# painting badges?



## se7enty7 (Jun 18, 2002)

Earlier today I noticed a red brand new (dare say..) camry with black badging. I thought it looked pretty damn good.. I have also seen volvo's (850 t5's) with black badging. My car is red... Think it would look good? What would be the best thing to use to color the badges??

Jacob


----------



## dry (Oct 21, 2002)

I have a black sentra with painted black badging (got the idea from my friends dodge avenger and my moms impala) Anyway I used testors car model paint that can be gotten at any hobby shop and a small paint brush. VERY carefully I applied it. I can get pics if you want. -James


----------



## Mazoku (Oct 22, 2002)

I've been thinking about this too. I'd love to see pics.


----------



## altimate94 (Nov 28, 2002)

i used black metallic


----------



## dry (Oct 21, 2002)

you ask and you shall recieve... This picture is old and dirty, I can get a new one on my clean car today


----------



## Token Moron (Mar 28, 2003)

damn snow huh james.......or u can be like me and just shave them..


----------



## Revolution (Dec 26, 2002)

i like them shaved better


----------



## samo (Apr 30, 2002)

Revolution said:


> *i like them shaved better *


Shaved is good  ...


----------



## dry (Oct 21, 2002)

I think the shaved is played out plus I want everybody to know that I drive a sentra GXE and am proud... no reason to shave them. I personally think shaving them makes the car look naked/empty... like its missing something... Kinda like a girl, they cant shave EVERYTHING, just leave that perfect amount... Right Mrs.
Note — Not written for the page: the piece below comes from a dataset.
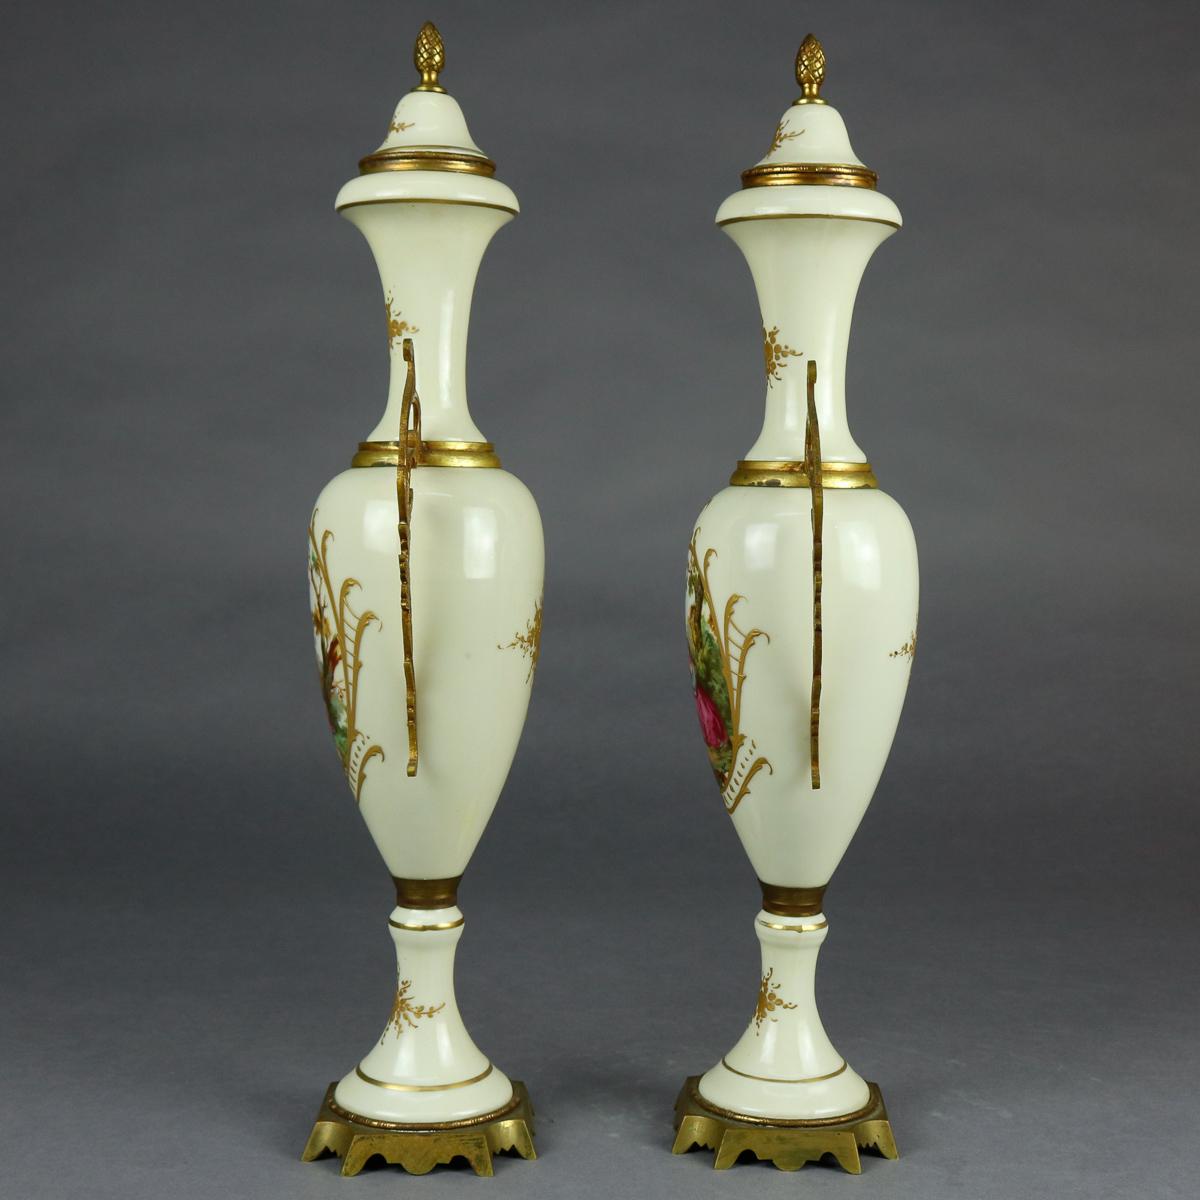 Hand-Painted Antique French Sevres Pictorial Hand Painted and Gilt Porcelain and Bronze Urns

Samo's mom?


----------



## Token Moron (Mar 28, 2003)

well james, it depends on the girl....see some girls look good not fully shaved and some gurls look good fully shaved....same with cars.......fully shaved gives it a clean look....


----------



## krylonkoopaa (Sep 13, 2002)

how bout a lil line thats cool sometimes


----------



## superfro86 (May 15, 2002)

i shaved mine but know i want to rebadge it since it just looks like the badges came off (mostly since i never did use some decal remover and old adhesive seems to be the only thing my can of Gunk bug and tar remover can't remove, it has removed bug and tar of course, window tint adhesive, testors candy apple red) but i'll probally rebadge it so that sentra is in the middle of the trunk panel and put the nissan sign on my steering wheel.


----------



## maxedout97maxima (Dec 2, 2002)

I painted my MAXIMA on my trunk black it was chrome!


----------



## HCS200sx97 (Jul 8, 2002)

Is it possible to take of the badge and then paint it and put it back? I've got a black 200 with black rota subzeros and i was thinking red calipers/drums (till fastbrake). Inspiration came from Hotshot intake. I say a black SI with black Badges and it looked tight, but I was thinking red might look tight as well. Open for discussion.


----------



## Hotshotnissan (May 10, 2003)

hey if i paint the nissan emblems from my 200sx is possible to it back on and the trunk to if not what could i use to put it back on thats like heat prof:


----------



## dry (Oct 21, 2002)

well if you take them off to paint them, then put them back on I would use some type of 3M brand adhesive, I would look into using the stuff that is used on keeping on body kits, that should hold very nicely...


----------



## Hotshotnissan (May 10, 2003)

any good ones out there, but u mean some kind of glue ?


----------